-- Input data --
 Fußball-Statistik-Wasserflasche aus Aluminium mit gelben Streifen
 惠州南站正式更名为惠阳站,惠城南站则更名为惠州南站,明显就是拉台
---
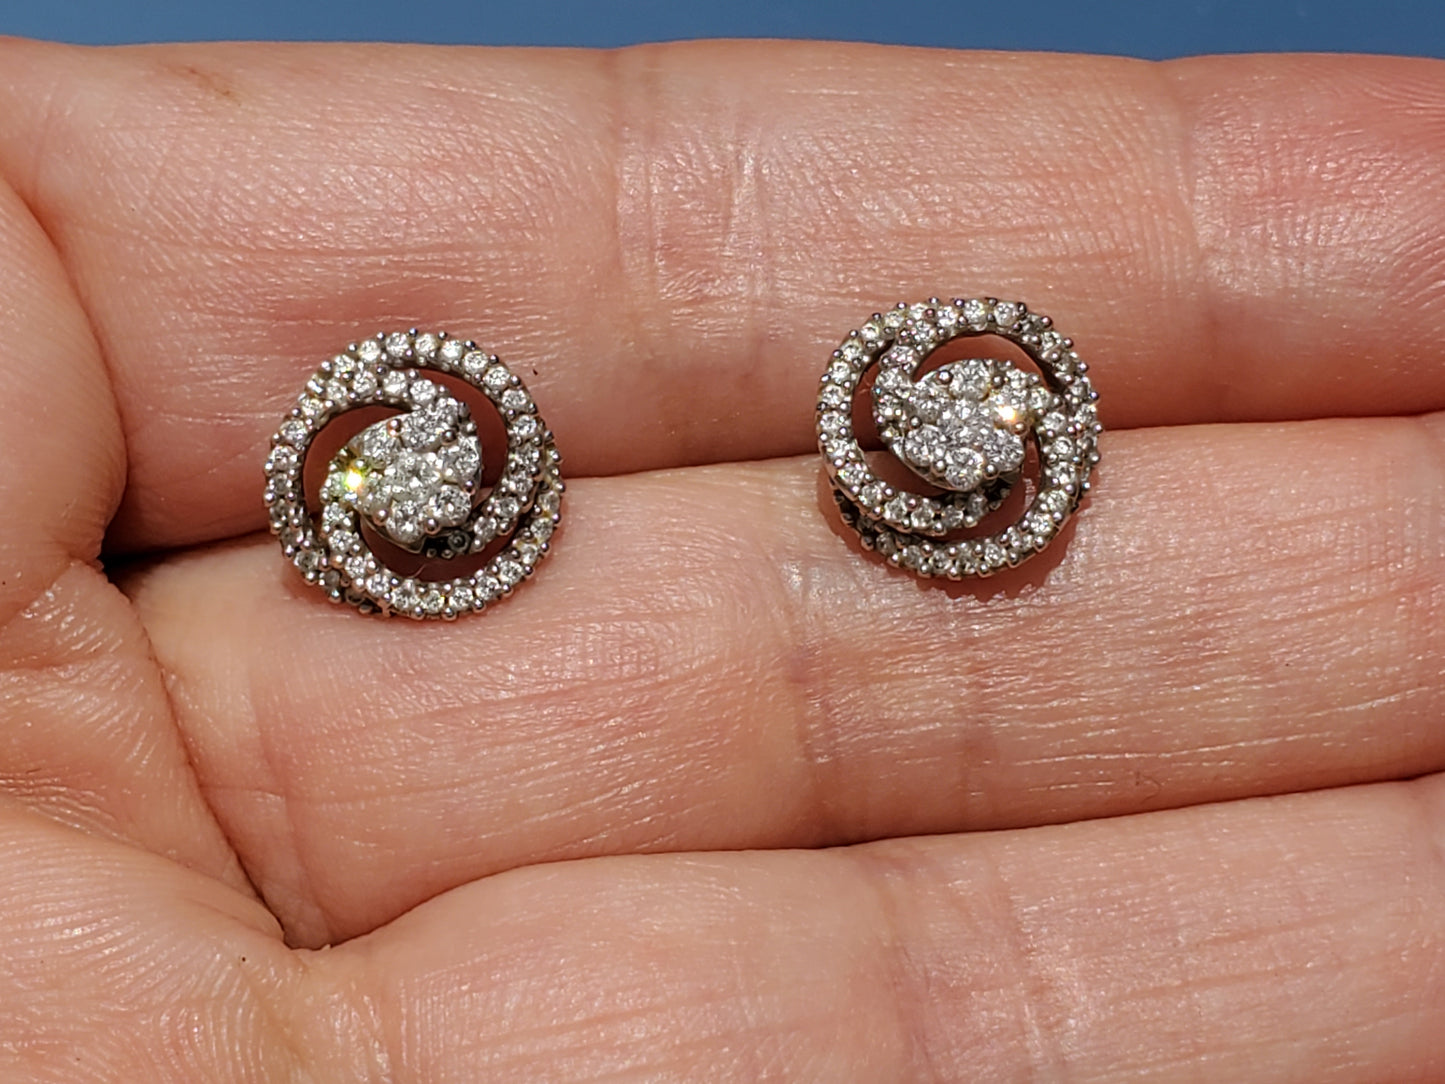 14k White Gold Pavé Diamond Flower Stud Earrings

-- Exercise objective --
Taking the entries above, print exactly the lines starting at the line with "Fußball-Statistik-Wasserflasche aus Aluminium" and ending at the line with "惠州南站正式更名为惠阳站,惠城南站则更名为惠州南站,明显就是拉台", both included.

-- Response --
 Fußball-Statistik-Wasserflasche aus Aluminium mit gelben Streifen
 惠州南站正式更名为惠阳站,惠城南站则更名为惠州南站,明显就是拉台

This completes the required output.